**SOURCE MATERIAL**
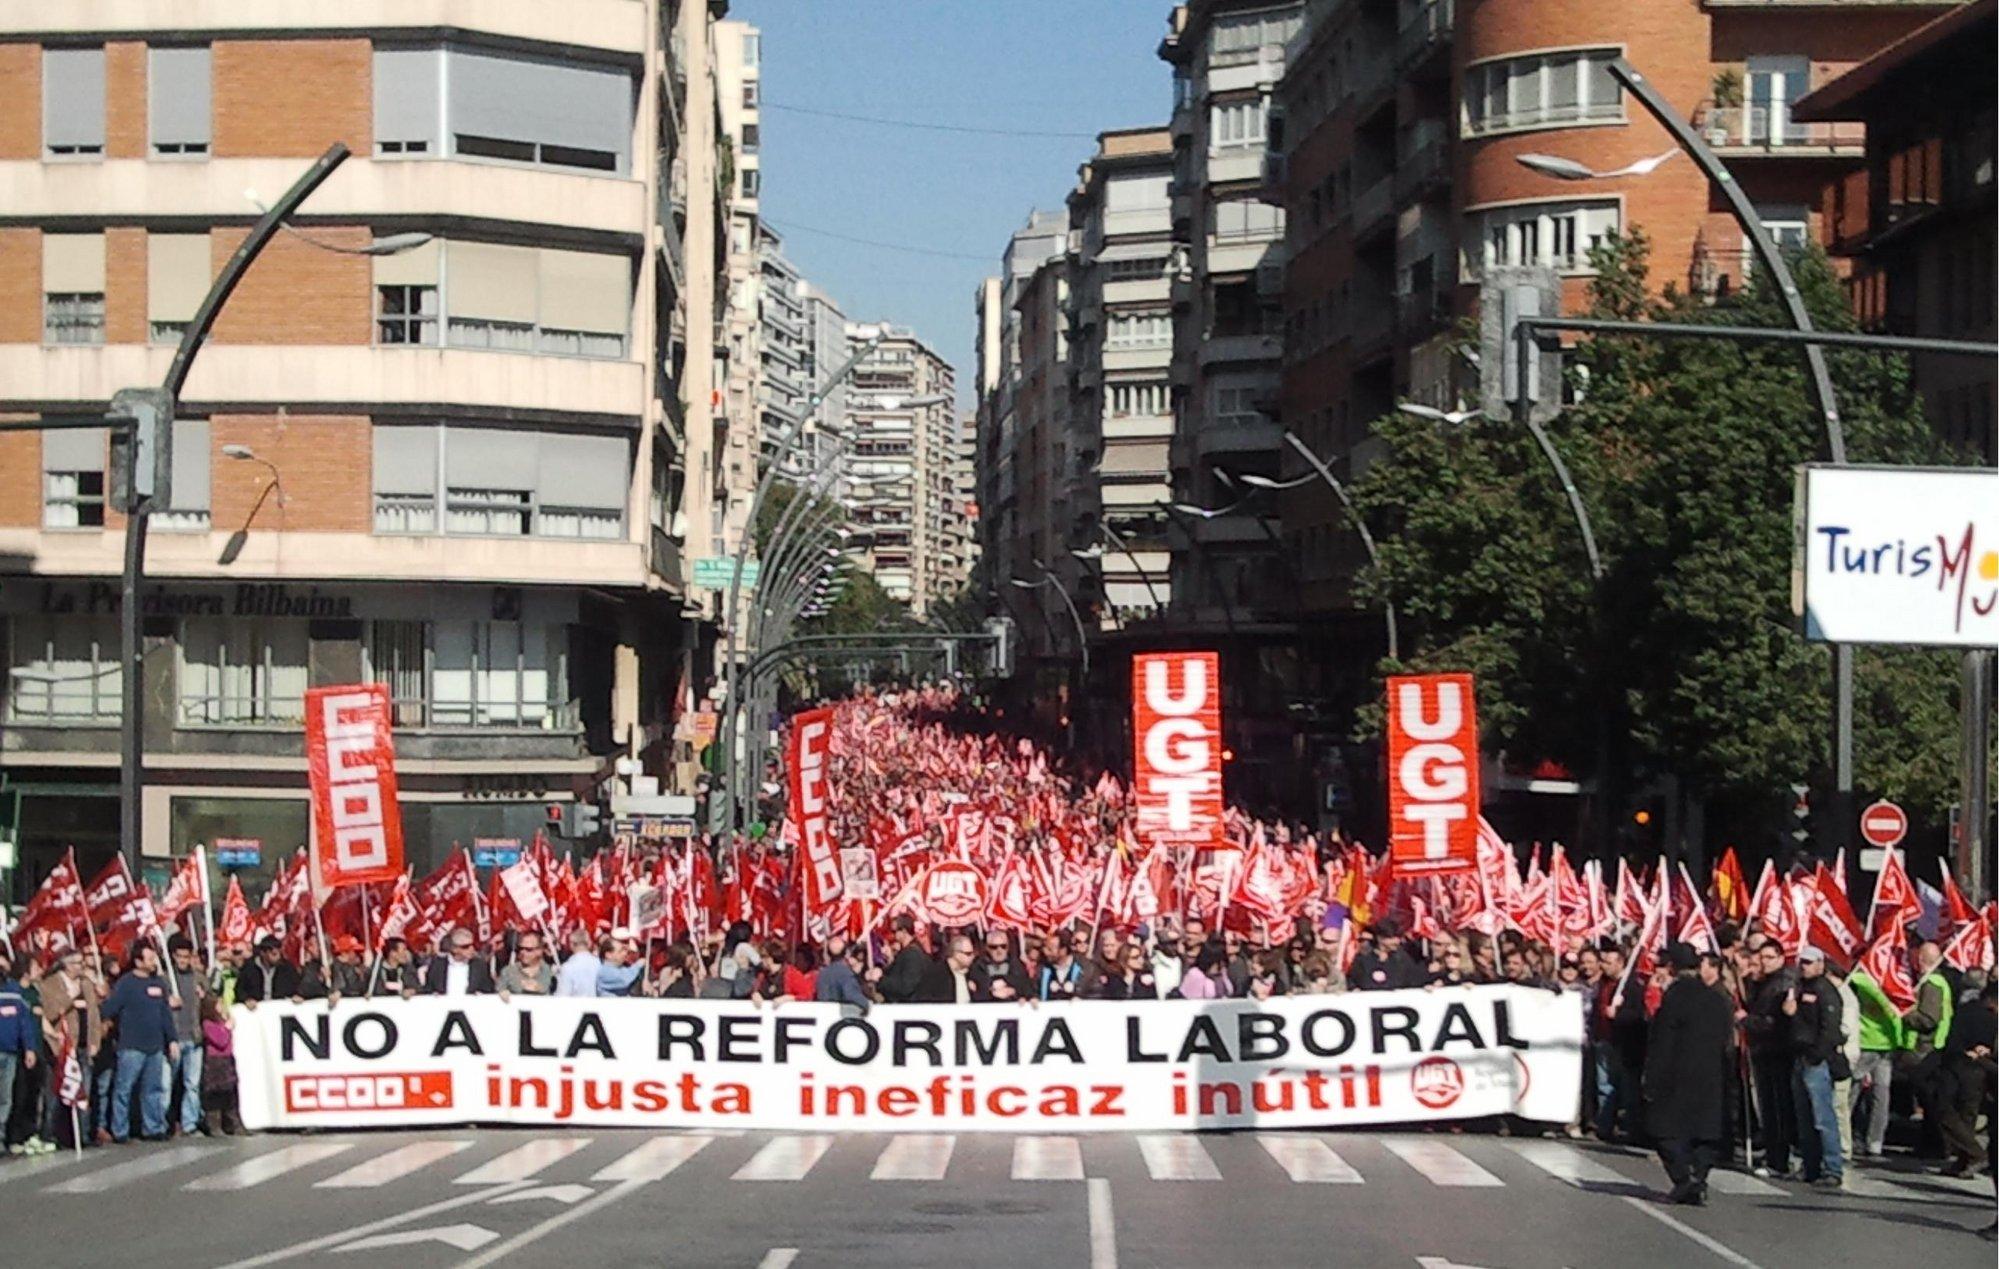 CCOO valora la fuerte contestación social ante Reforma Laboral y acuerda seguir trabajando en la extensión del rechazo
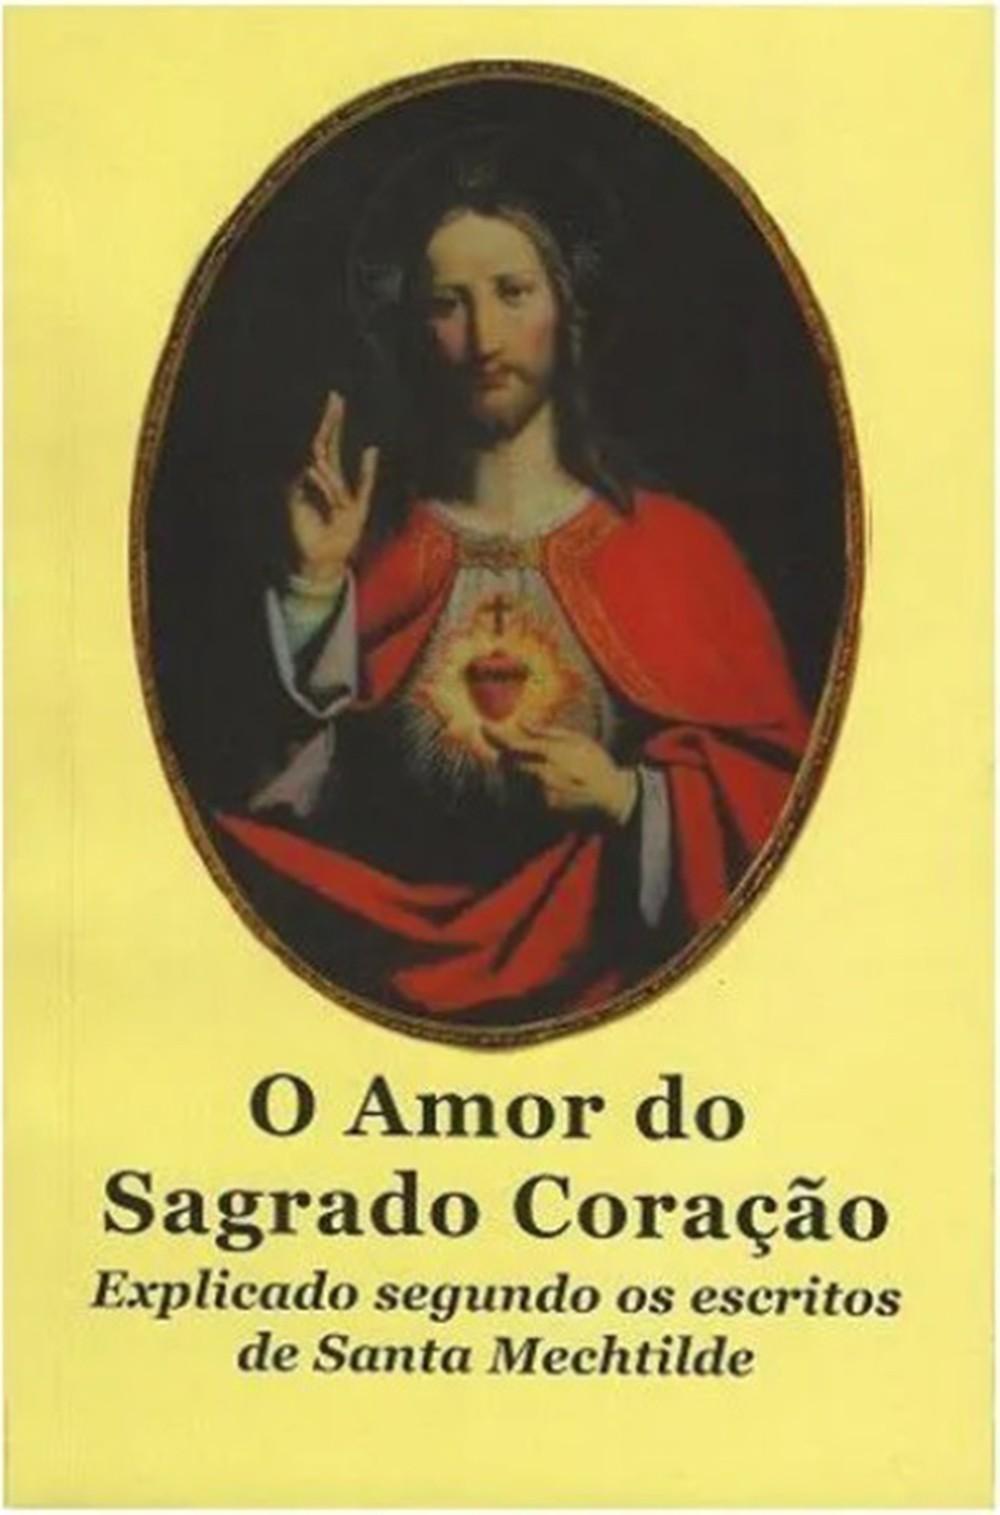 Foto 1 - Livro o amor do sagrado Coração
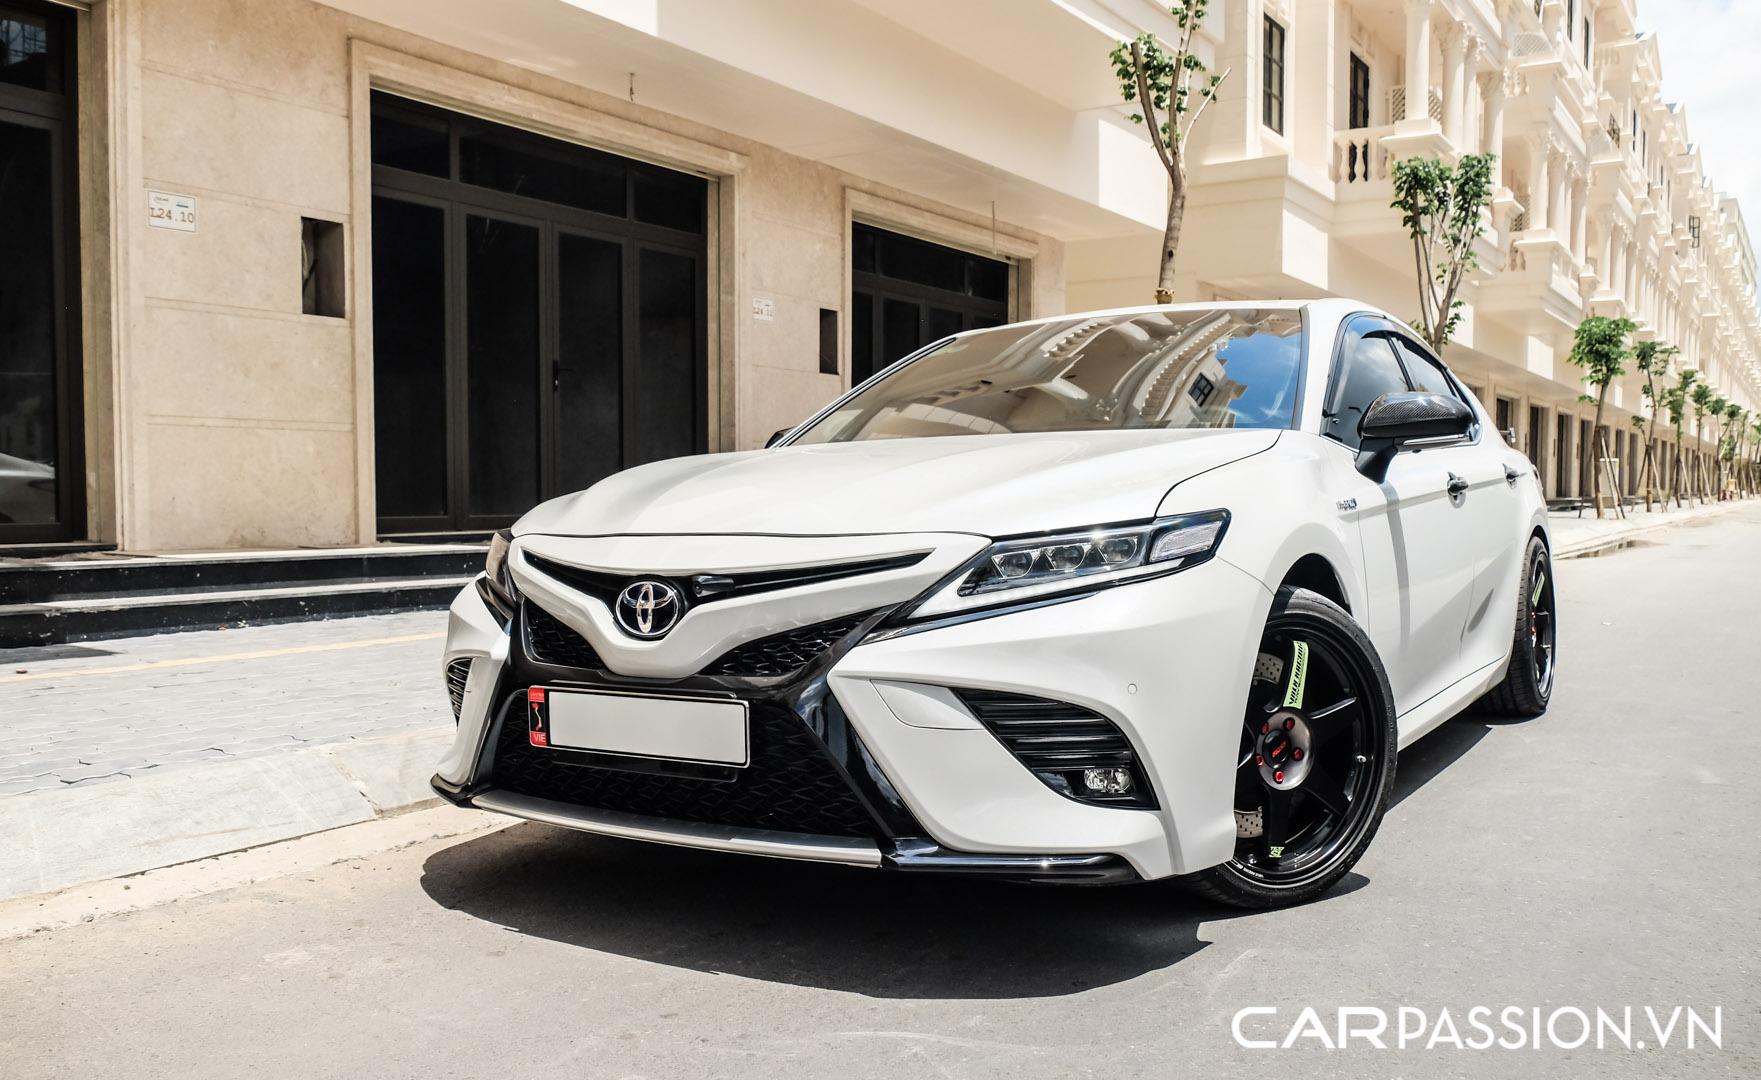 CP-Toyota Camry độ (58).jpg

**PROBLEM TO WORK ON**
Reproduce the material word for word, minus the images.

**SOLUTION TO THE EXERCISE**
 CCOO valora la fuerte contestación social ante Reforma Laboral y acuerda seguir trabajando en la extensión del rechazo
 Foto 1 - Livro o amor do sagrado Coração
 CP-Toyota Camry độ (58).jpg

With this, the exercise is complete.